Awk in Shell Script
Awk has had a reputation of being overly complex and difficult to use. Scripting languages such as the UNIX shell and specialty tools such as awk and sed have been a standard part of the UNIX landscape since it became commercially available.
Indeed, both awk and sed are rather peculiar tools/languages. Both be familiar with traditional UNIX “regular expressions”, but not trivial to learn. Both tools seem to offer too many features. Therefore, understanding all the features of awk and sed and confidently applying them can take a while. The user can quickly and efficiently apply these tools once he/she understands their general usefulness and will become familiar with a subset of their most useful features. Explore this article and know more about awk in shell script.
A APROPOS ABOUT REGULAR EXPRESSIONS
Awk was named after its original developers: Aho, Weinberger, and Kernighan. Awk scripts are readily portable across all flavors of UNIX/Linux.
Awk is usually engaged to reprocess structured textual data. It can definitely be used as part of a command-line filter sequence, since by default, it expects its input from the standard input stream (stdin) and writes its output to the standard output stream (stdout). In some of the most operational applications, awk is used in concert with sed complementing each other’s strengths.
The following shell command scans the contents of a file called old file, changing all events of the word “UNIX” to “Linux” and writing the resulting text to a file called new file.
$ awk ‘{gsub(/UNIX/, “Linux”); print}’ oldfile \>\
newfile
Awk does not change the contents of the original file, it behaves as a stream editor passively writing new content to an output stream. Awk is commonly invoked from a parent shell script covering a grander scope, it can be used directly from the command line to perform a single direct task as just shown.
Although awk has been employed to perform a variety of tasks, it is most suitable for construing and manipulating textual data and generating formatted reports. A distinctive example application for awk is one where a lengthy system log file needs to be examined and summarized into a formatted report. Consider the log files generated by the send mail daemon or the uucp program. These files are usually lengthy, boring, and generally hard on a system administrator’s eyes. An awk script can be employed to parse each entry, produce a set of counts and flag those entries which represent chary activity.
Awk scripts is easy-to-read and are often several pages in length. The awk language offers the typical programming constructs expected in any high-level programming language. It has been defined as an interpreted version of the C language, but although there are comparisons, awk differs from C both semantically and syntactically.
AWK INVOCATION
At least two distinct methods can be used to invoke awk. The first includes the awk script in-line within the command line. The second allows the programmer to save the awk script to a file and denote to it on the command line.
awk ‘{
awk -Fc -f script_file [data-file-list …]
Notice that data-file-list is always optional, since by default awk reads from standard input.

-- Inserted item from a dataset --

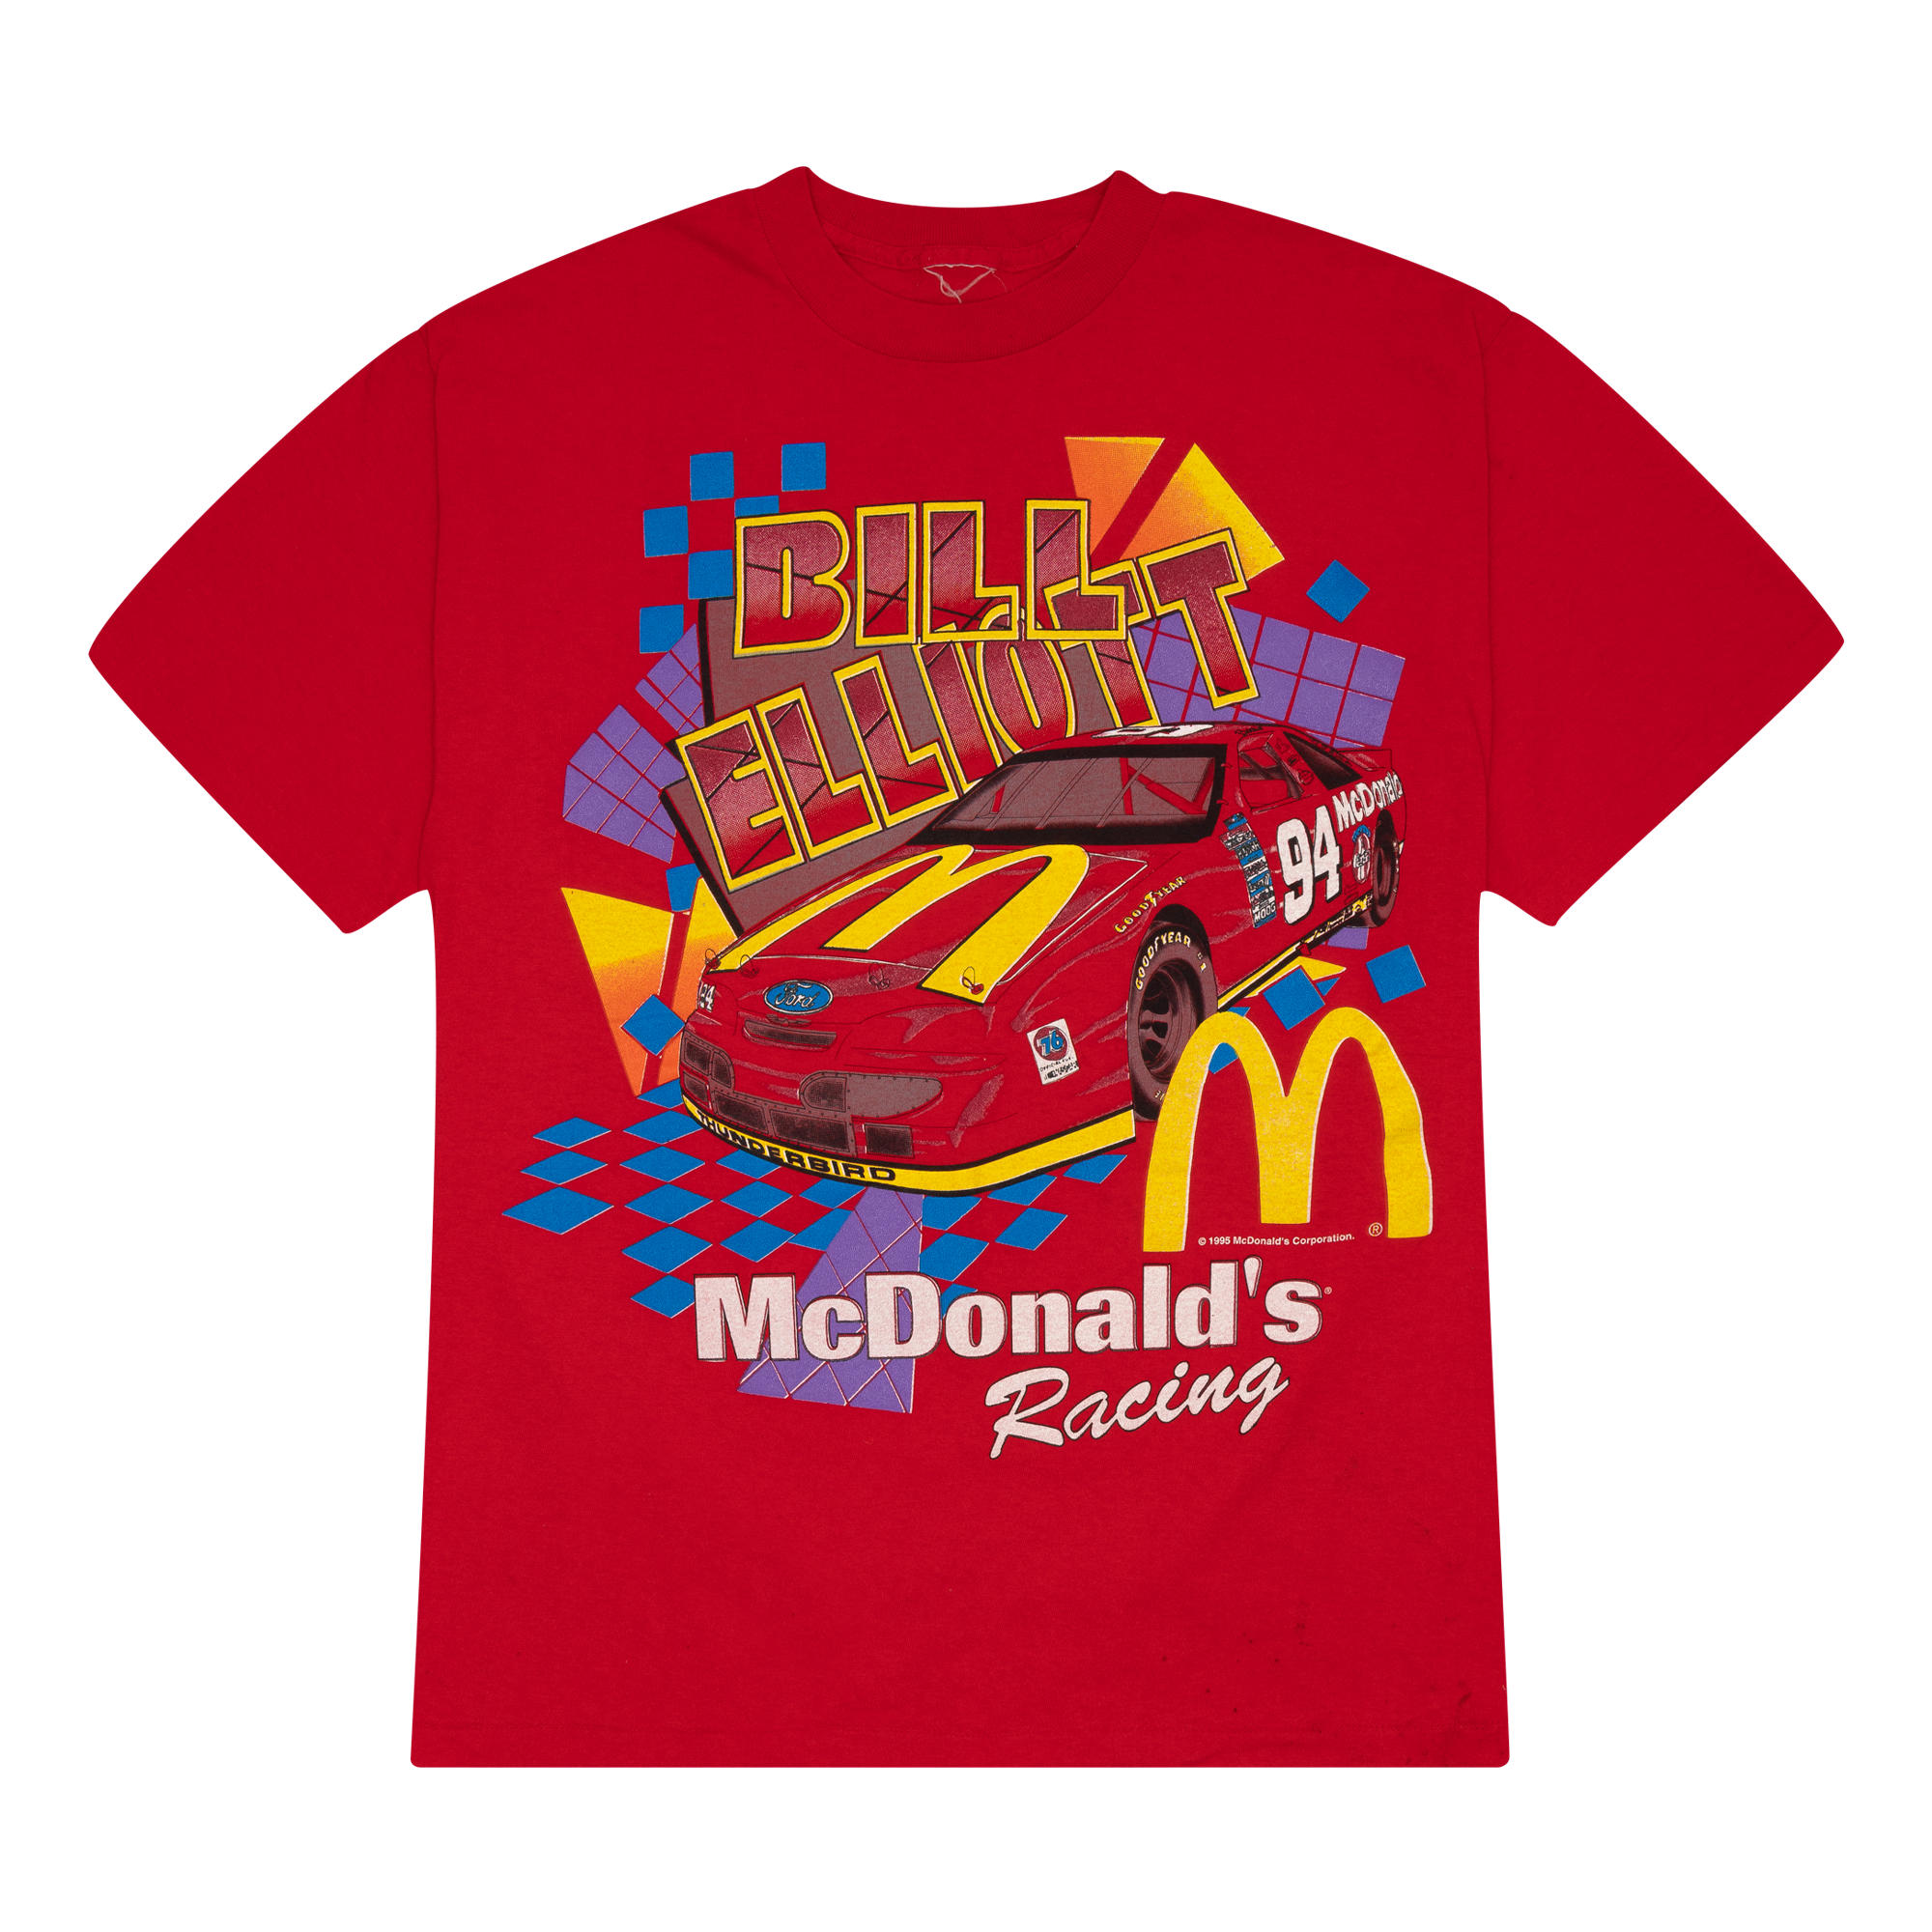 Bill Elliot 1995 McDonalds Racing Tee Red-PLUS

As a general rule, it is a good idea to maintain the awk script in a different file if it is of any significant size. The -F option controls the input field-delimiter character. The following are all valid instances of invoking awk at a shell prompt:
$ ls -l | awk -f
$ awk -f
$ awk -F: ‘{ print $2 }’
$ awk {‘print’} input_file
If the user acquires a thorough understanding of awk’s behavior, the complexity of the language syntax will not be so great. Awk offers a very well-defined and useful process model. The programmer is able to define groups of actions to occur in sequence before any data processing is performed, while each input record is processed, and after all input data has been processed.

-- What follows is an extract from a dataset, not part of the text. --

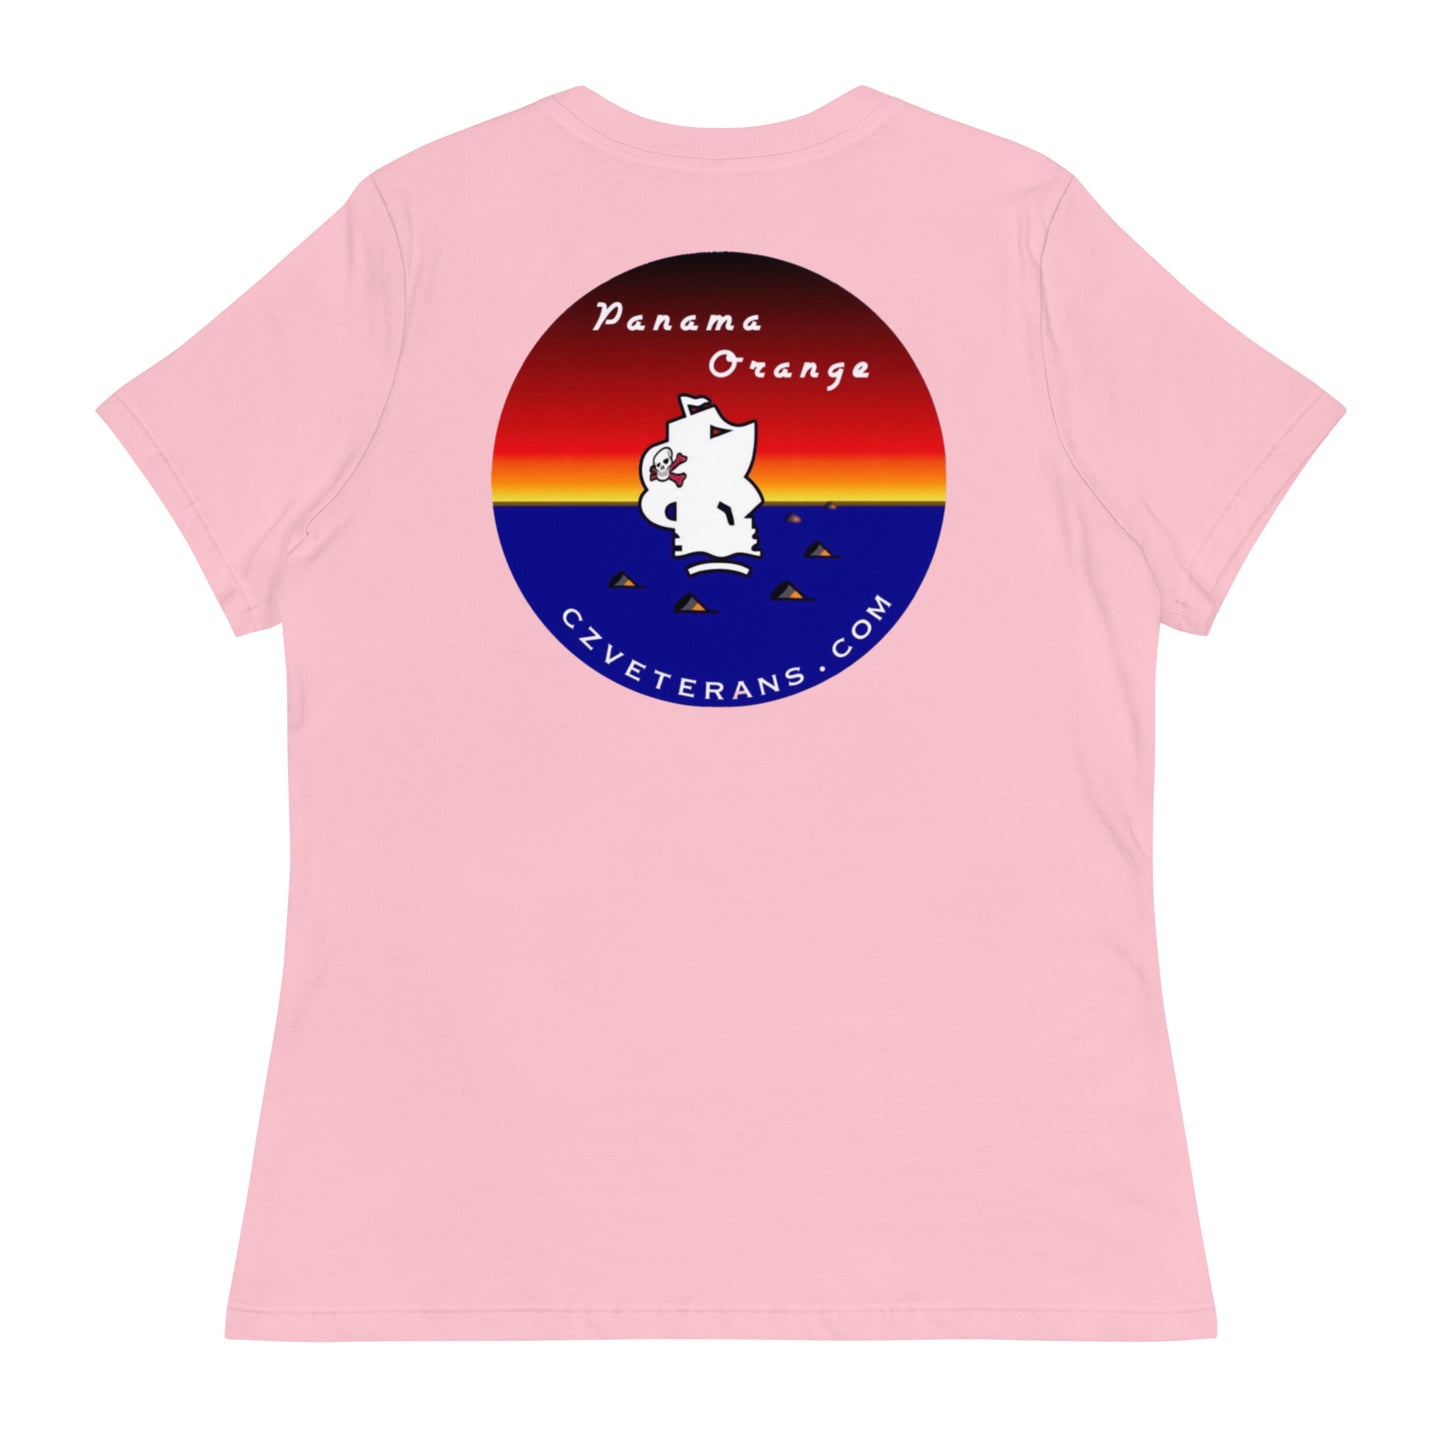 Panama Canal Zone Veterans- Women's Relaxed T-Shirt

With these groups in mind, the basic syntactical format of any awk script is as follows:
BEGIN { }
{ }
END { }
The code within the BEGIN section is executed by awk before it scans any of its input data. This section can be used to initialize user-defined variables or change the value of a built-in variable. If the user’s script is generating a formatted report, then the user might want to print out a heading in this section. The code within the END section is executed by awk after all of its input data has been processed. Both the END and BEGIN sections are optional in an awk script. The middle section is the implicit main input loop of an awk script. This section must contain at least one explicit action. That action can be as simple as an unconditional print statement. The code in this section is executed each time a record is encountered in the input data set. By default, a record delimiter is a line-feed character. So by default, a record is a single line of text. The programmer can redefine the default value of the record delimiter.
THE VERDICT
Scripting languages and specialty tools that allow fast development have been widely accepted for quite some time. Both awk and sed deserve a spot on any Linux developer’s and administrator’s workbench. Both tools are a standard part of any Linux platform. Together, awk and sed can be used to implement effectively any text filtering application—such as perform repetitive edits to data streams and files. We hope the information provided in this article is useful and inspires you to begin or expand your use of these tools.